● **PROBLEM TO WORK ON**
Copy the data that follows exactly. Include no pictures.

● **PROVIDED MATERIAL**
BEGIN

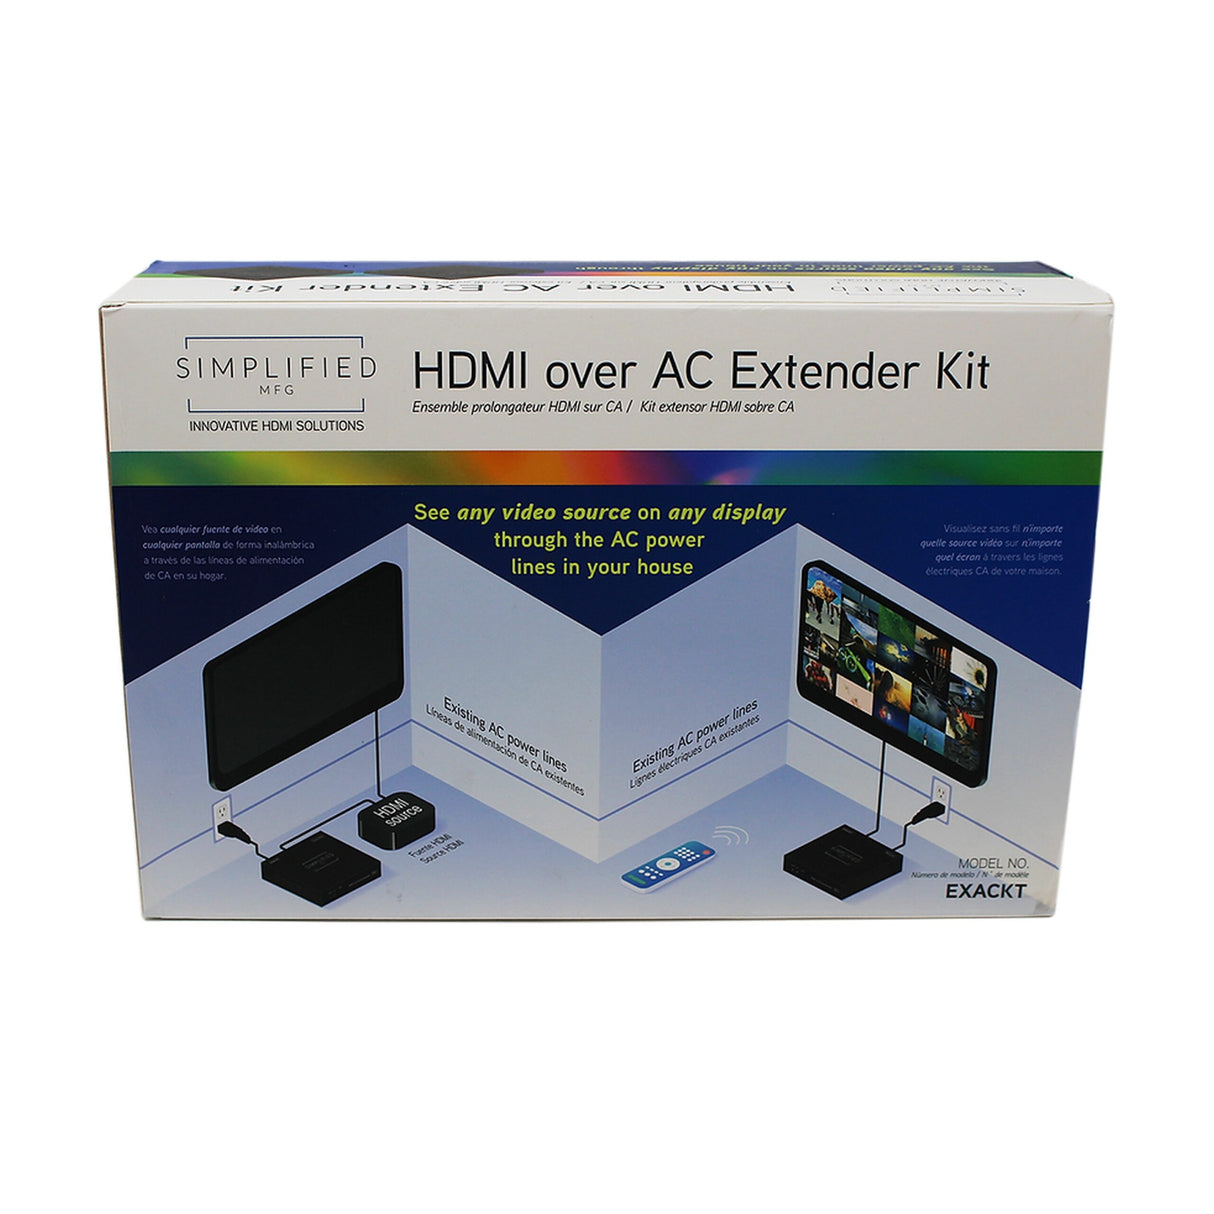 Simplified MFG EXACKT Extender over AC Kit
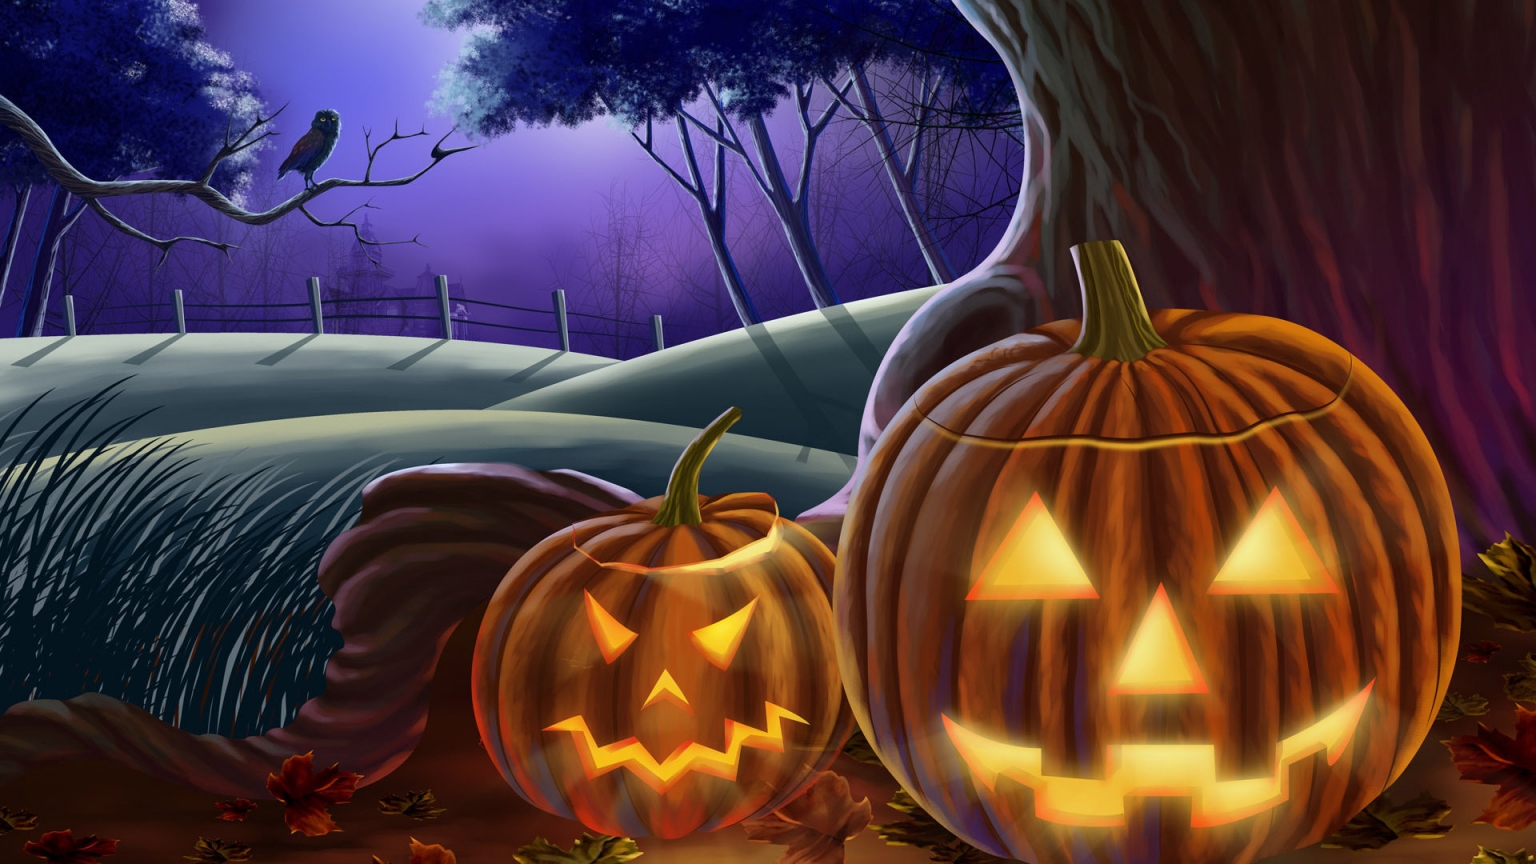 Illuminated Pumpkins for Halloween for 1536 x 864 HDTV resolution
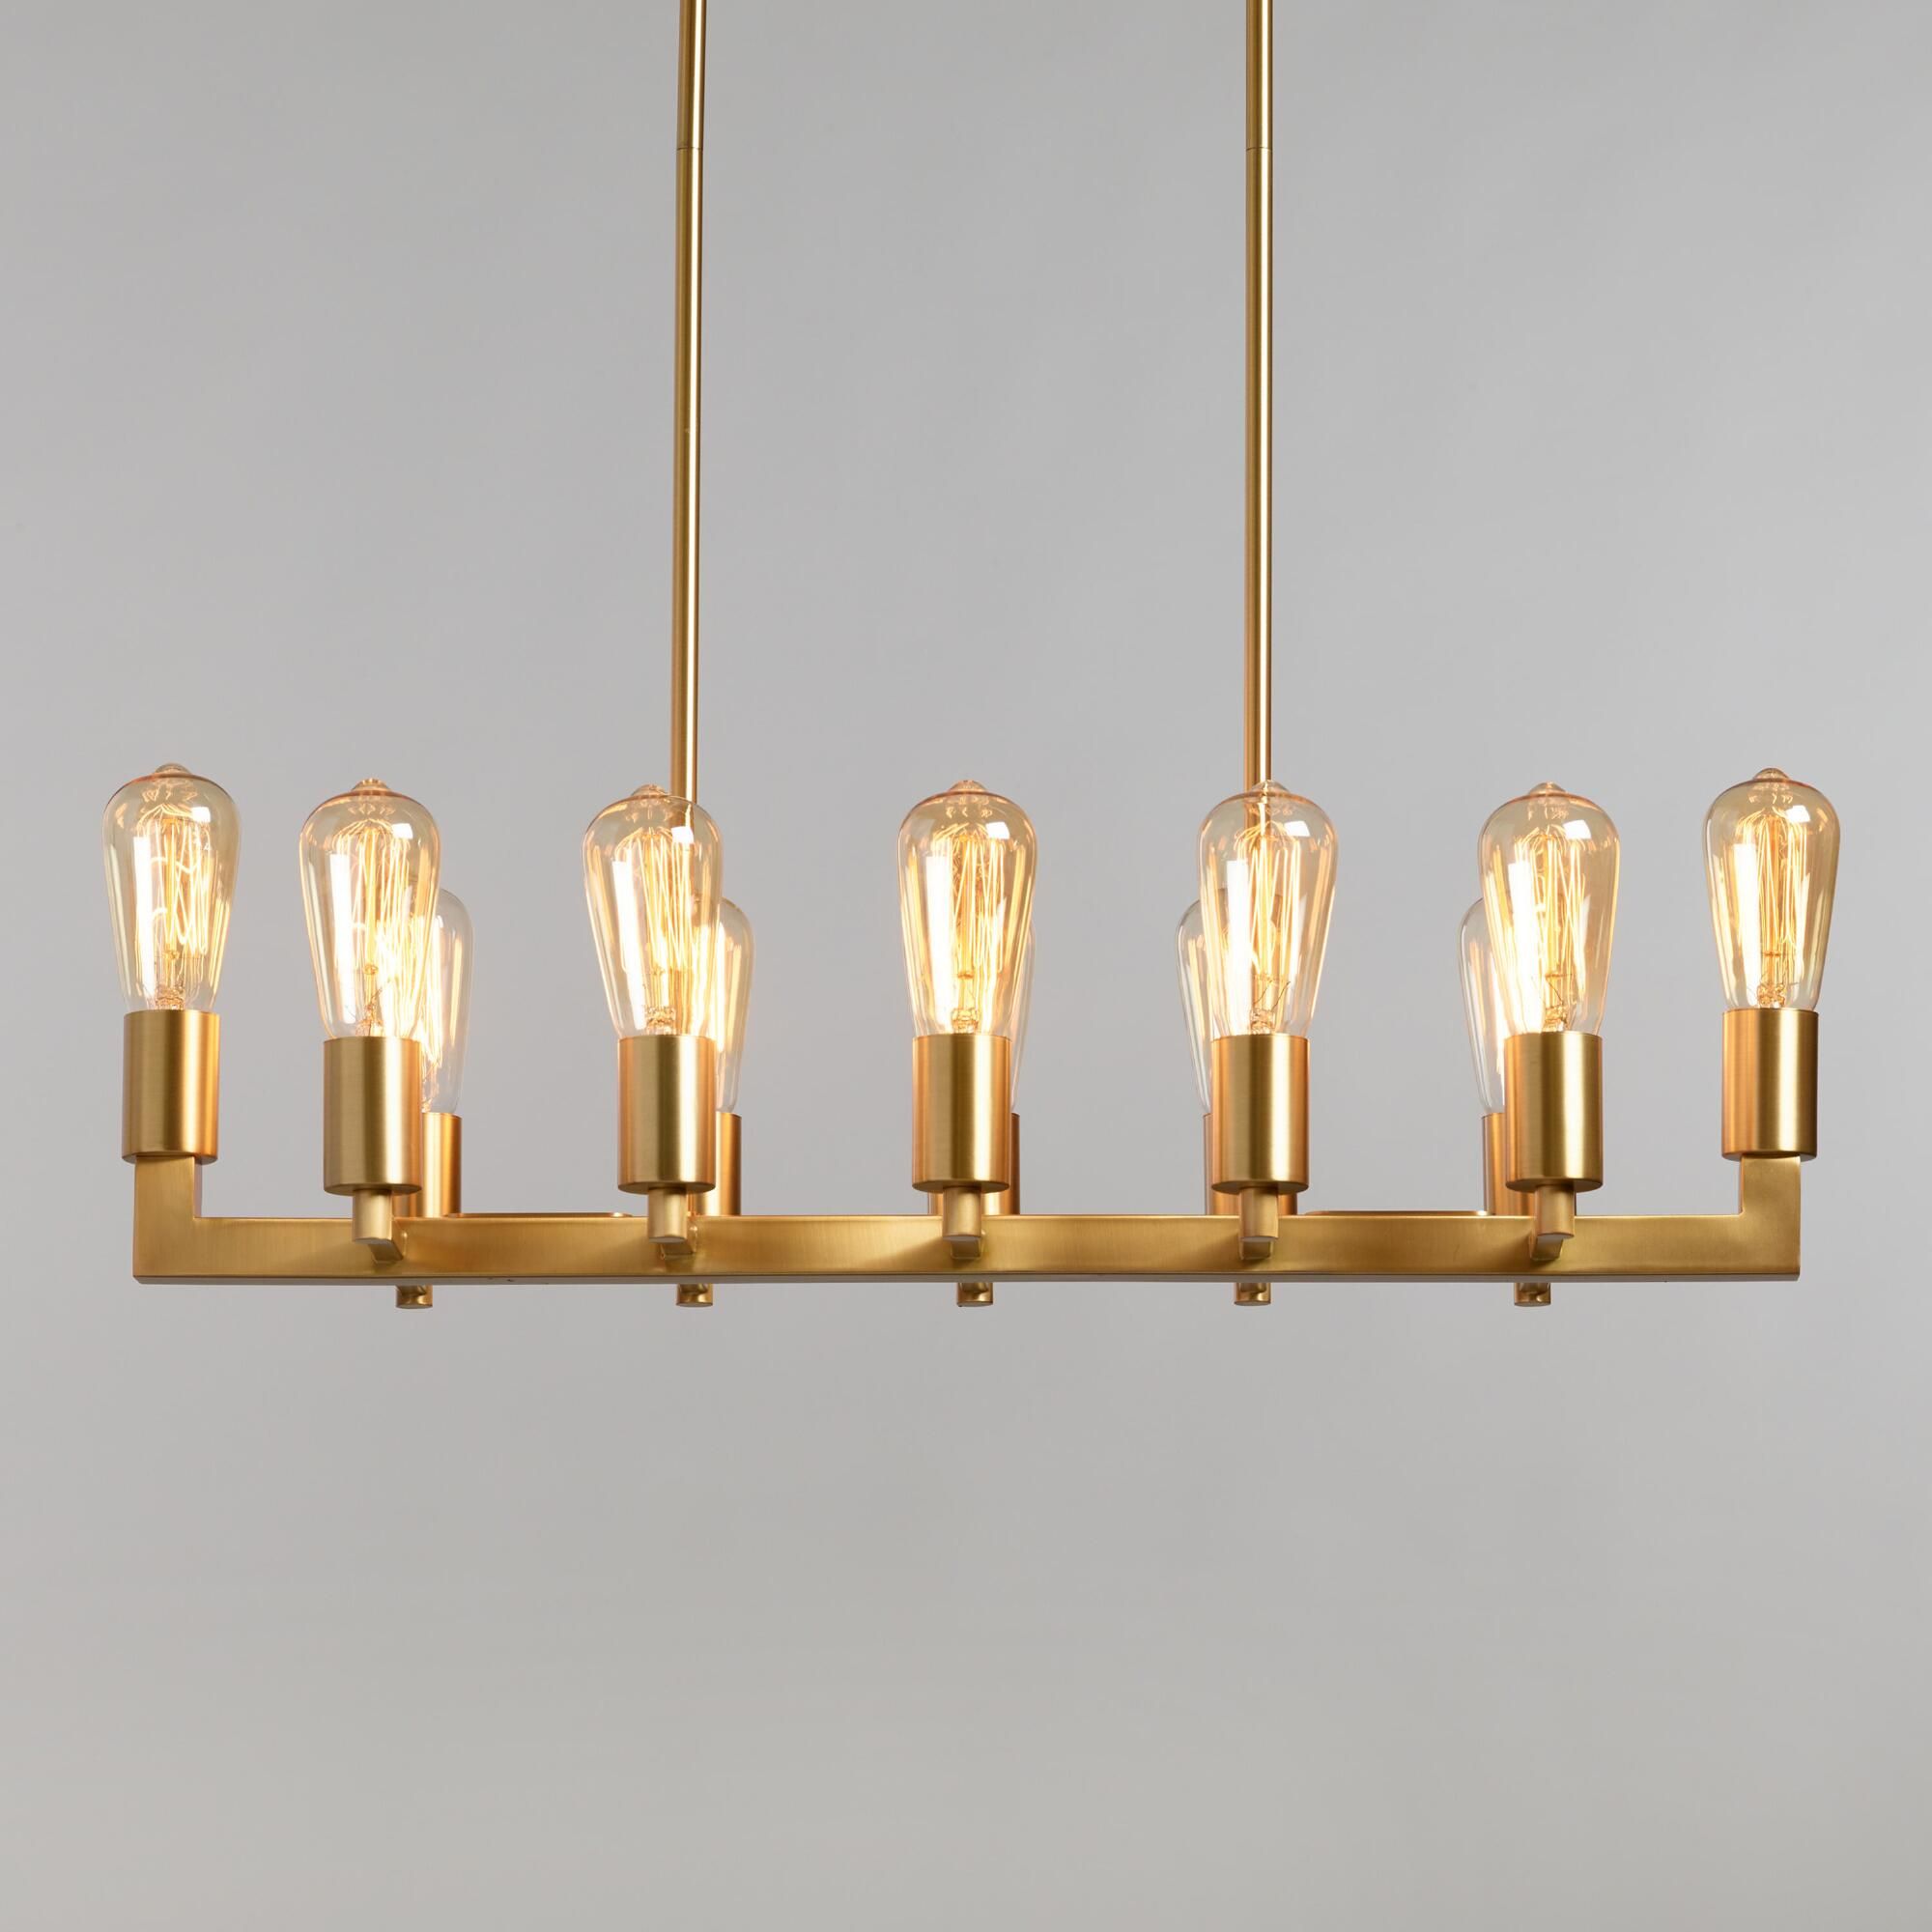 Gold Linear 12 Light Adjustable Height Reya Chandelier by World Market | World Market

END

● **SOLUTION FOR THIS PROBLEM**
 Simplified MFG EXACKT Extender over AC Kit
 Illuminated Pumpkins for Halloween for 1536 x 864 HDTV resolution
 Gold Linear 12 Light Adjustable Height Reya Chandelier by World Market | World Market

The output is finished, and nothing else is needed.